- [WORK INSTRUCTIONS]
The whole listing, except its pictures, is to be repeated exactly.

- [DATA SHOWN]
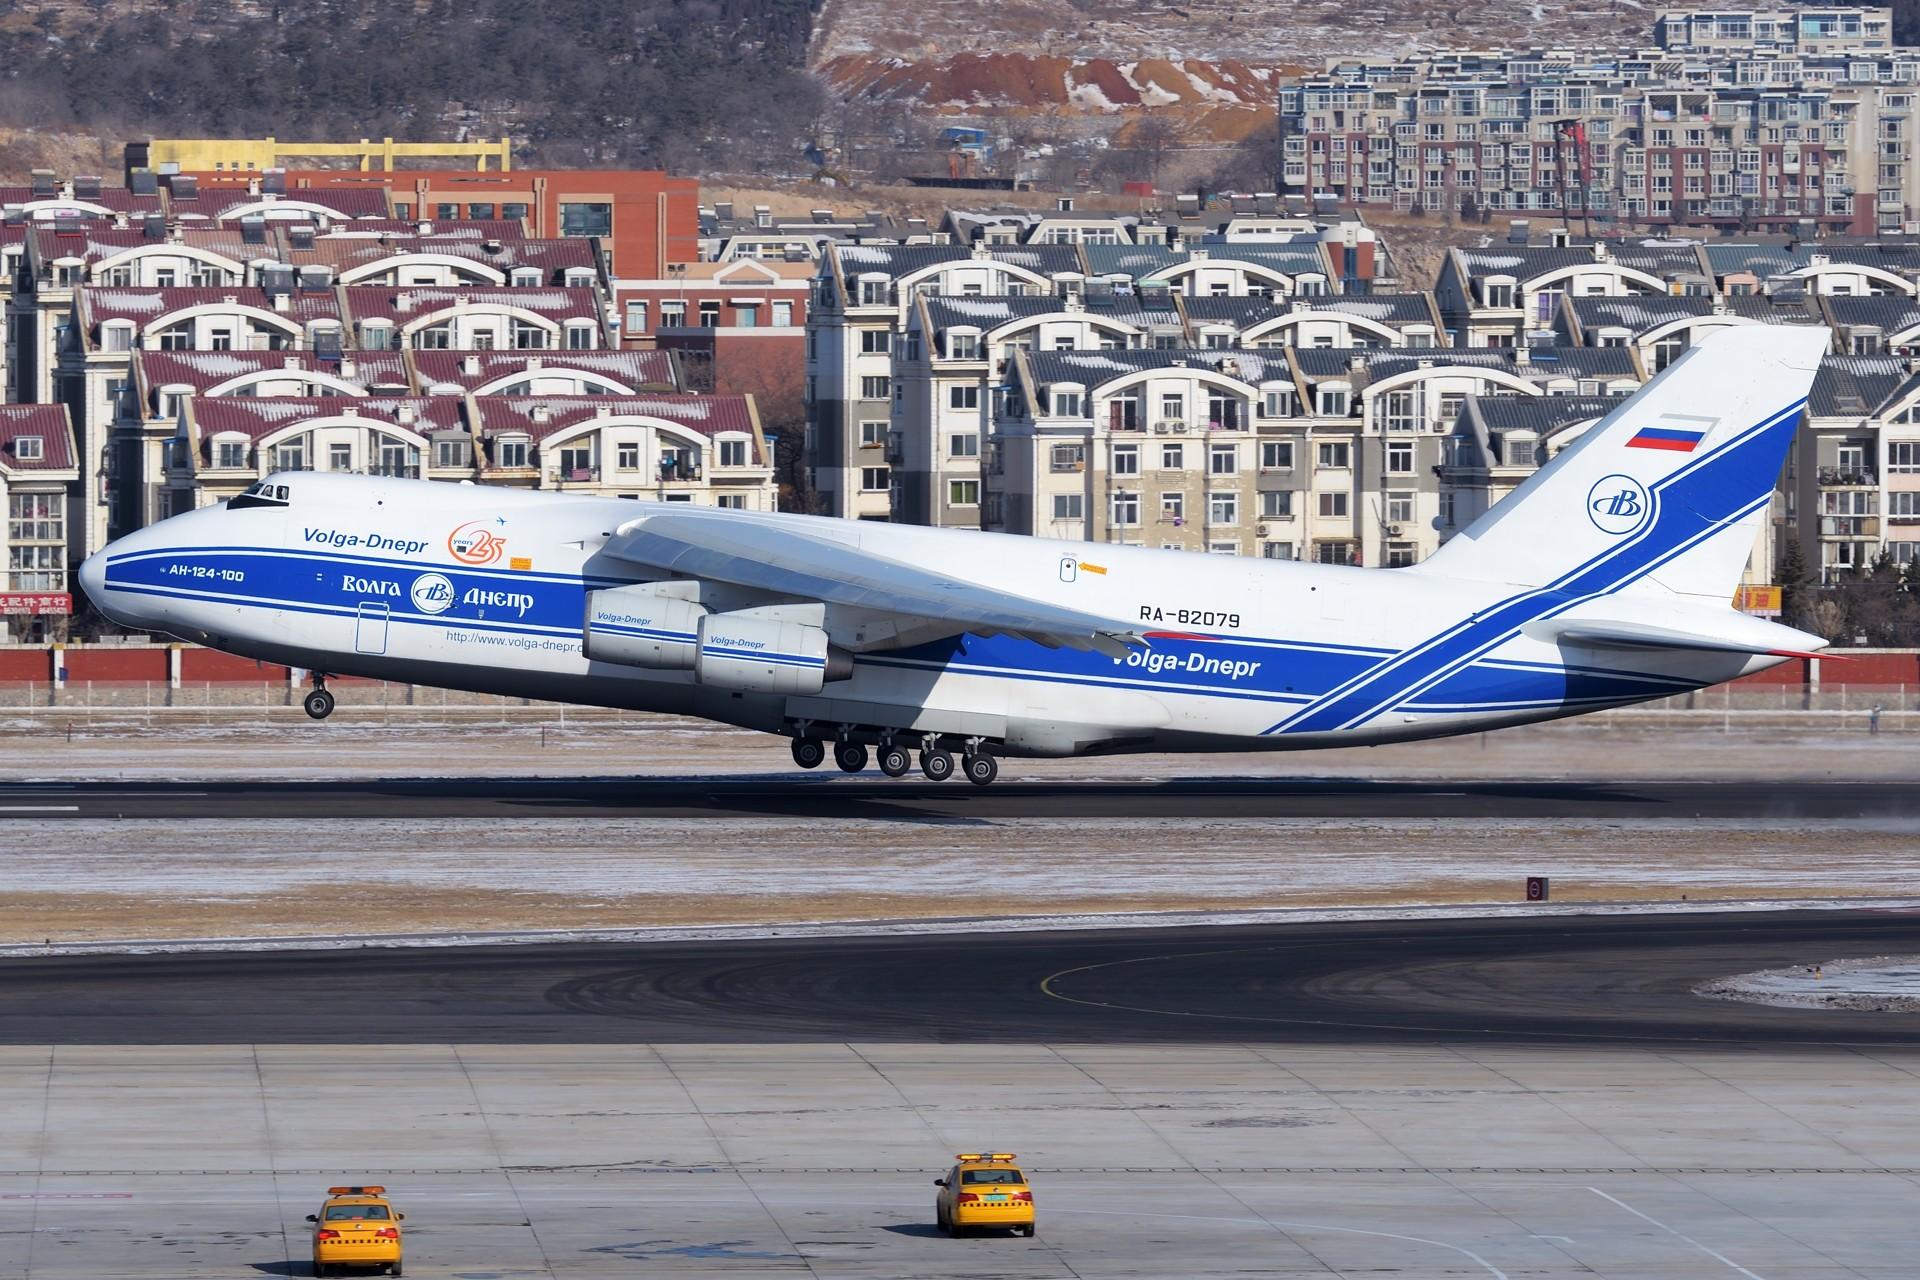 Re:★[DLC]一点有趣的事情(持续更新中)★ ANTONOV AN-124 RA-82079 中国大连国际机场
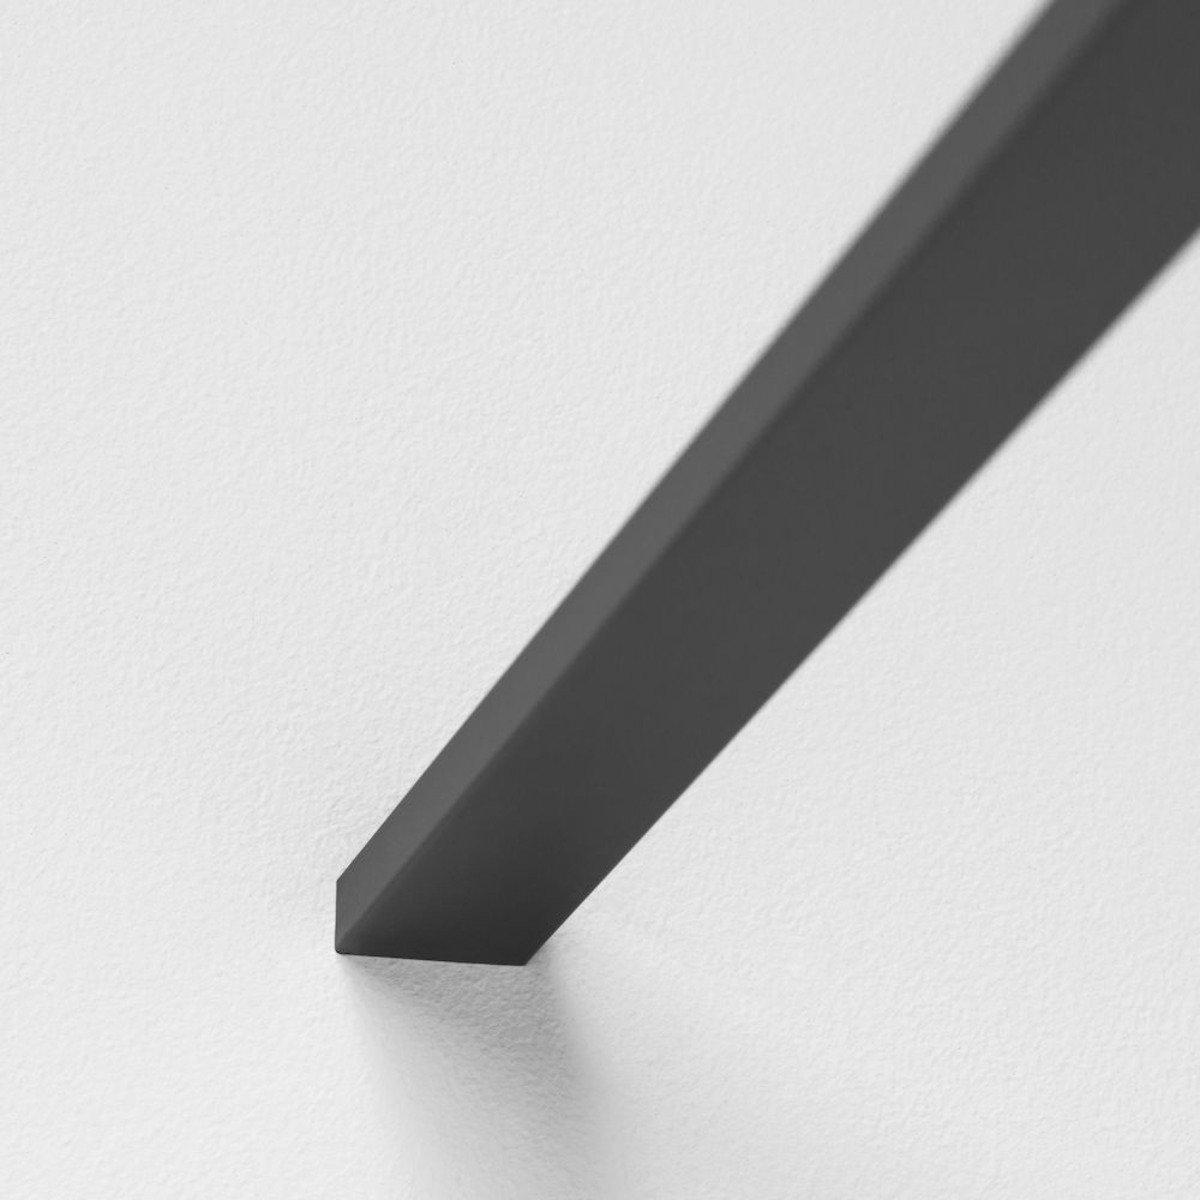 Sealskin Soho verlengde stabilisatiestang 125cm zwart
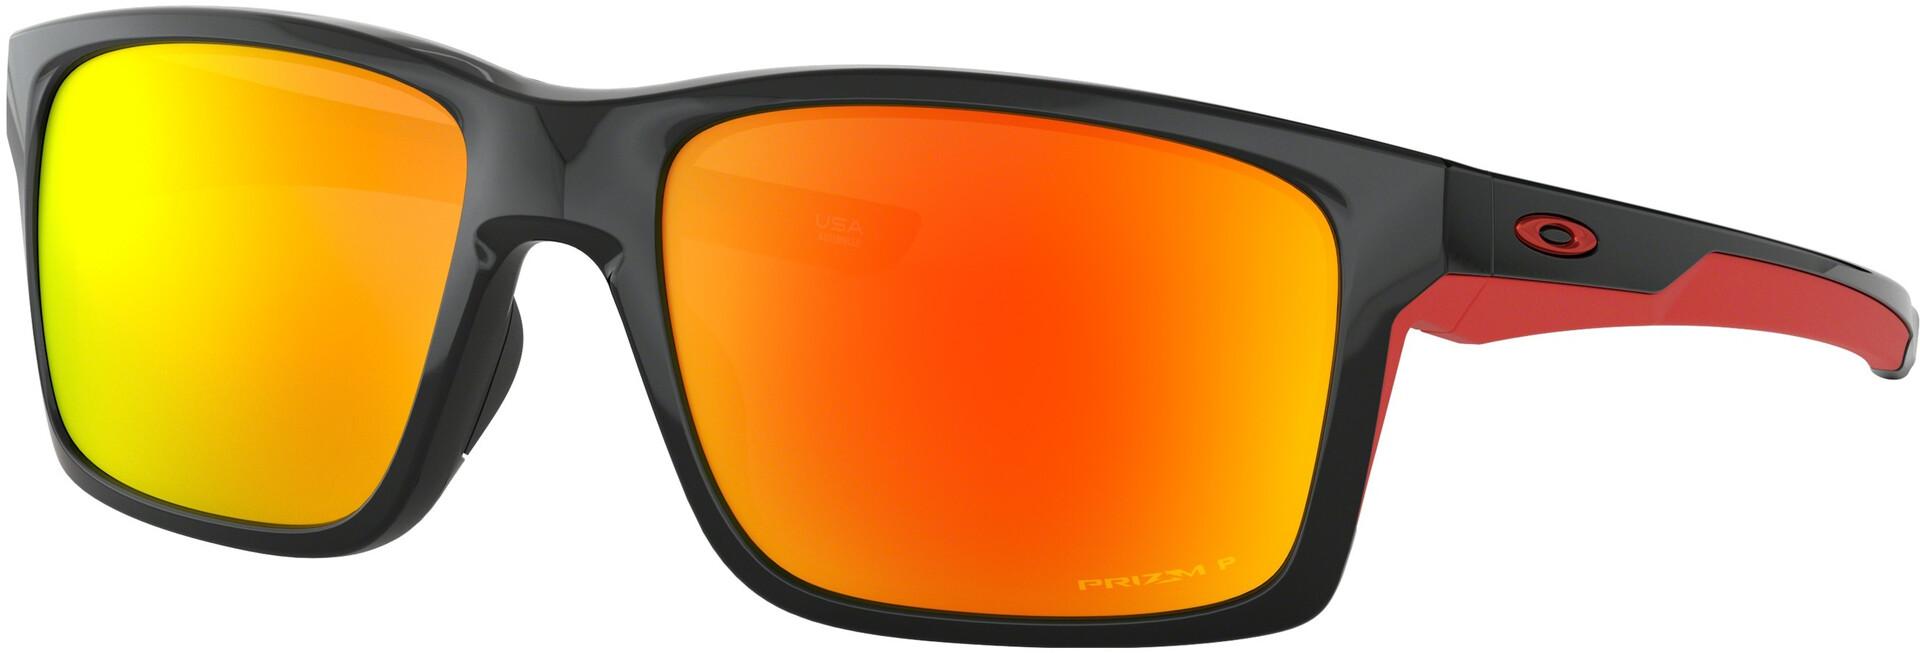 Blackprizm Polarized SunglassesPolished Mainlink Xl Ruby Oakley Kl1JFTc3

- [EXERCISE RESULT]
 Re:★[DLC]一点有趣的事情(持续更新中)★ ANTONOV AN-124 RA-82079 中国大连国际机场
 Sealskin Soho verlengde stabilisatiestang 125cm zwart
 Blackprizm Polarized SunglassesPolished Mainlink Xl Ruby Oakley Kl1JFTc3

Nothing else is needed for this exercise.